12. Map reduce is broken into 2 parts - Mapper function and reducer function. Hadoop will pass each line to mapper function and then the intermediate output will be read and aggregation(group by key) is done by reducer function.
13. Master and slave nodes run daemons in background. Daemon can be referred as a computer program that runs a background process instead of being under direct control of an interactive user on a multitasking computer os.
14. Data bricks is a platform where all requirements like hadoop, spark, hive come preinstalled over a n-node cluster.
15. HDFs consist of Namenode(Runs on master, Keeps tracks of block) and Datanode(where actual data is stored).
16. Map reduce has two major components ie. Map functions which converts one set of data into another where individual elements are broken down into key,value pairs whereas reduce function takes data from map function as input, aggregates and summarizes the results to yield the final output.
17. Hadoop works inefficiently with small data, Only large data is preferred.
18. Spark uses hadoop in two ways - One is storage and another is processing. Since spark has its own cluster management computation, it uses hadoop for storage purposes only !
19. Apache Spark is a lightning fast cluster computing technology, designed for fast computation. It is based on Hadoop MapReduce and extends the mapreduce model to efficiently use it for more types of computations.
20. Features of spark include in a) memory computation i.e no need to fetch data from disk every single time b) Fault tolerance - It implies very less data loss or nil c) Lazy evaluation i.e all transformations made in spark RDD involves creation of a new RDD.
21.  All structured and unstructured data go into HDFS and input data is being fed to Spark, All intermediate output is saved in RAM and final output is written back to HDFS. Spark takes live data via Spark streaming whereas Hadoop map reduce doesn't have this functionality. It uses map reduce for optional processing and YARN for resource negotiator.
22. Spark core is core layer for akl spark. Spark SQL is a distributed framework for structured data processing.
23. Spark streaming is an add-on to core Spark APi which allows scalable, high throughput, fault tolerant stream processing of live data streams.
24. Spark can access data from sources such as kafka, flume, kinesis or Tcp socket. The data can be visualised in live dashboards. Spark uses micro batching for Live streaming.
25. Spark MLlib is a scalable machine learing library that contains sklearn, tensorflow etc. It's by default written in scala.
26. Spark is a data analytics engine. It has read-eval-print-loop(repl) shell.
27. Spark GraphX is library for manipulating graphs which provides analysis of graphs.
28. Pyspark is an API written in Python to support Apache Spark.
29. Pyspark comes to rescue in handling large dataset instead of pandas.
30. Pyspark uses RDD(Resilient Distributed Database)

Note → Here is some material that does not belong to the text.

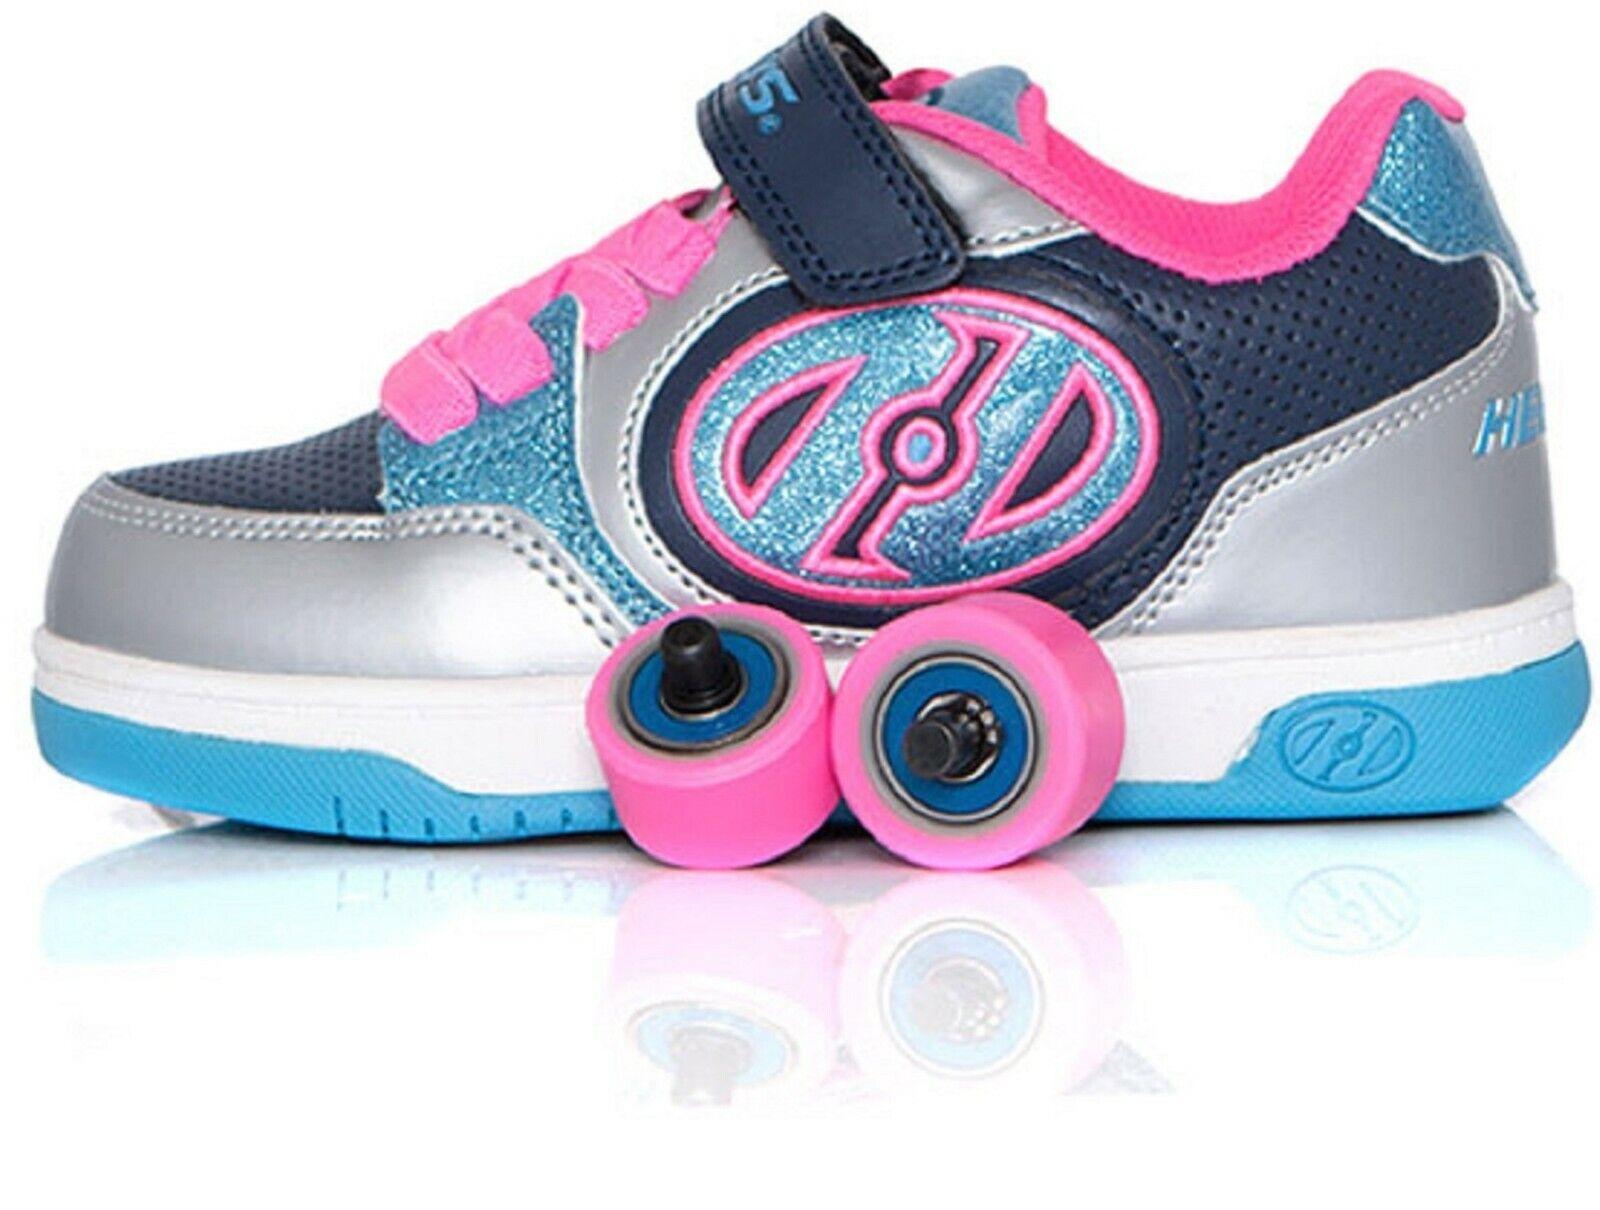 Roller Shoes Christmas Boys Girls Wheels Heelys Skates LED Trainers UK Kids Gift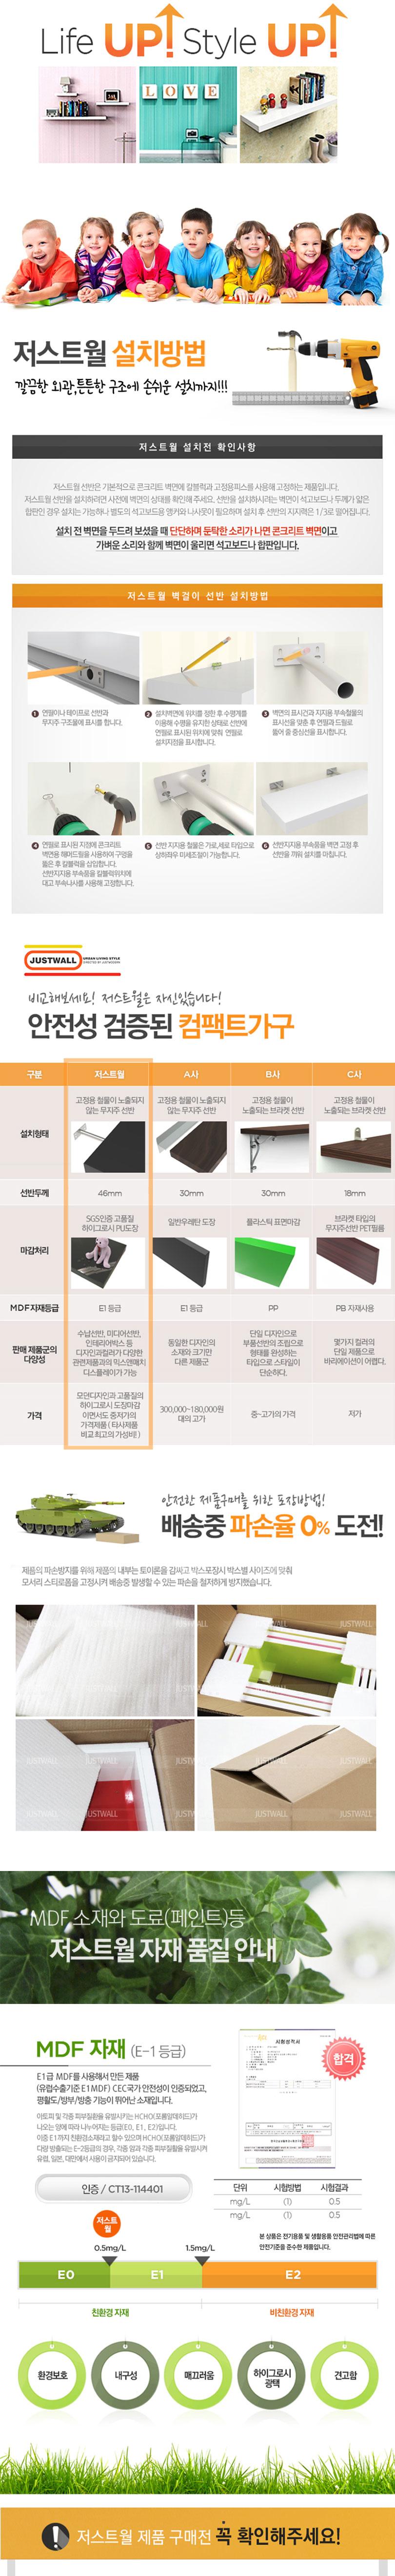 [저스트월] 하이그로시 벽걸이 무지주선반-120 (2종/택1) - 저스트모던, 37,900원, 수납/선반장, 벽선반

##### Comparison of pandas with respect to pyspark.
1. When dataset size increase beyond size of ram then pandas have to replaced with pyspark.
2. pandas doesn't have parallelism like pyspark.
3. Operations in pyspark are lazy but not in pyspark.
4. In pyspark, we can't change the data since it uses RDD. We can transform the dataframe. In pandas, data frames are immutable hence are dynamic.
5. dataframe access is slower in pyspark but processing is fast but in pandas's vice versa.



In [1]:
from pyspark import SparkContext

In [10]:
sc = SparkContext()

In [11]:
a = sc.parallelize(['this','is','pyspark','demo','that','you','are','viewing']) # we can parallelise the data as list or tensor

In [7]:
a.take(4) # returns till 4 # we don't use collect method since it puts data into RAM and then it's of no use.

['this', 'is', 'pyspark', 'demo']

In [15]:
# to stop the spark context
sc.stop()

To access GUI : Access localhost:4040
> It stops when spark context is set to stop.

In [16]:
#second way to define a spark context
sc = SparkContext()
print(sc.getConf().getAll())

[('spark.driver.extraJavaOptions', '-XX:+IgnoreUnrecognizedVMOptions --add-opens=java.base/java.lang=ALL-UNNAMED --add-opens=java.base/java.lang.invoke=ALL-UNNAMED --add-opens=java.base/java.lang.reflect=ALL-UNNAMED --add-opens=java.base/java.io=ALL-UNNAMED --add-opens=java.base/java.net=ALL-UNNAMED --add-opens=java.base/java.nio=ALL-UNNAMED --add-opens=java.base/java.util=ALL-UNNAMED --add-opens=java.base/java.util.concurrent=ALL-UNNAMED --add-opens=java.base/java.util.concurrent.atomic=ALL-UNNAMED --add-opens=java.base/sun.nio.ch=ALL-UNNAMED --add-opens=java.base/sun.nio.cs=ALL-UNNAMED --add-opens=java.base/sun.security.action=ALL-UNNAMED --add-opens=java.base/sun.util.calendar=ALL-UNNAMED --add-opens=java.security.jgss/sun.security.krb5=ALL-UNNAMED'), ('spark.app.id', 'local-1678635364399'), ('spark.app.startTime', '1678635364329'), ('spark.driver.host', 'suraj'), ('spark.executor.id', 'driver'), ('spark.app.submitTime', '1678634749769'), ('spark.app.name', 'pyspark-shell'), ('spark

In [18]:
sc.stop()

In [19]:
# third way to define a spark context
# master and its name
sc = SparkContext("local","Master")

#### RDD
1. RDD is like dataset
2. RDD contains Transformation and Action. Transformation helps in creating a new RDD. Action gives us a value(Integer, String). Transformation is lazy, It creates Directed Acyclic Graph. Once action is applied, It executes.
3. Transformation is divided into narrow and wide transformations.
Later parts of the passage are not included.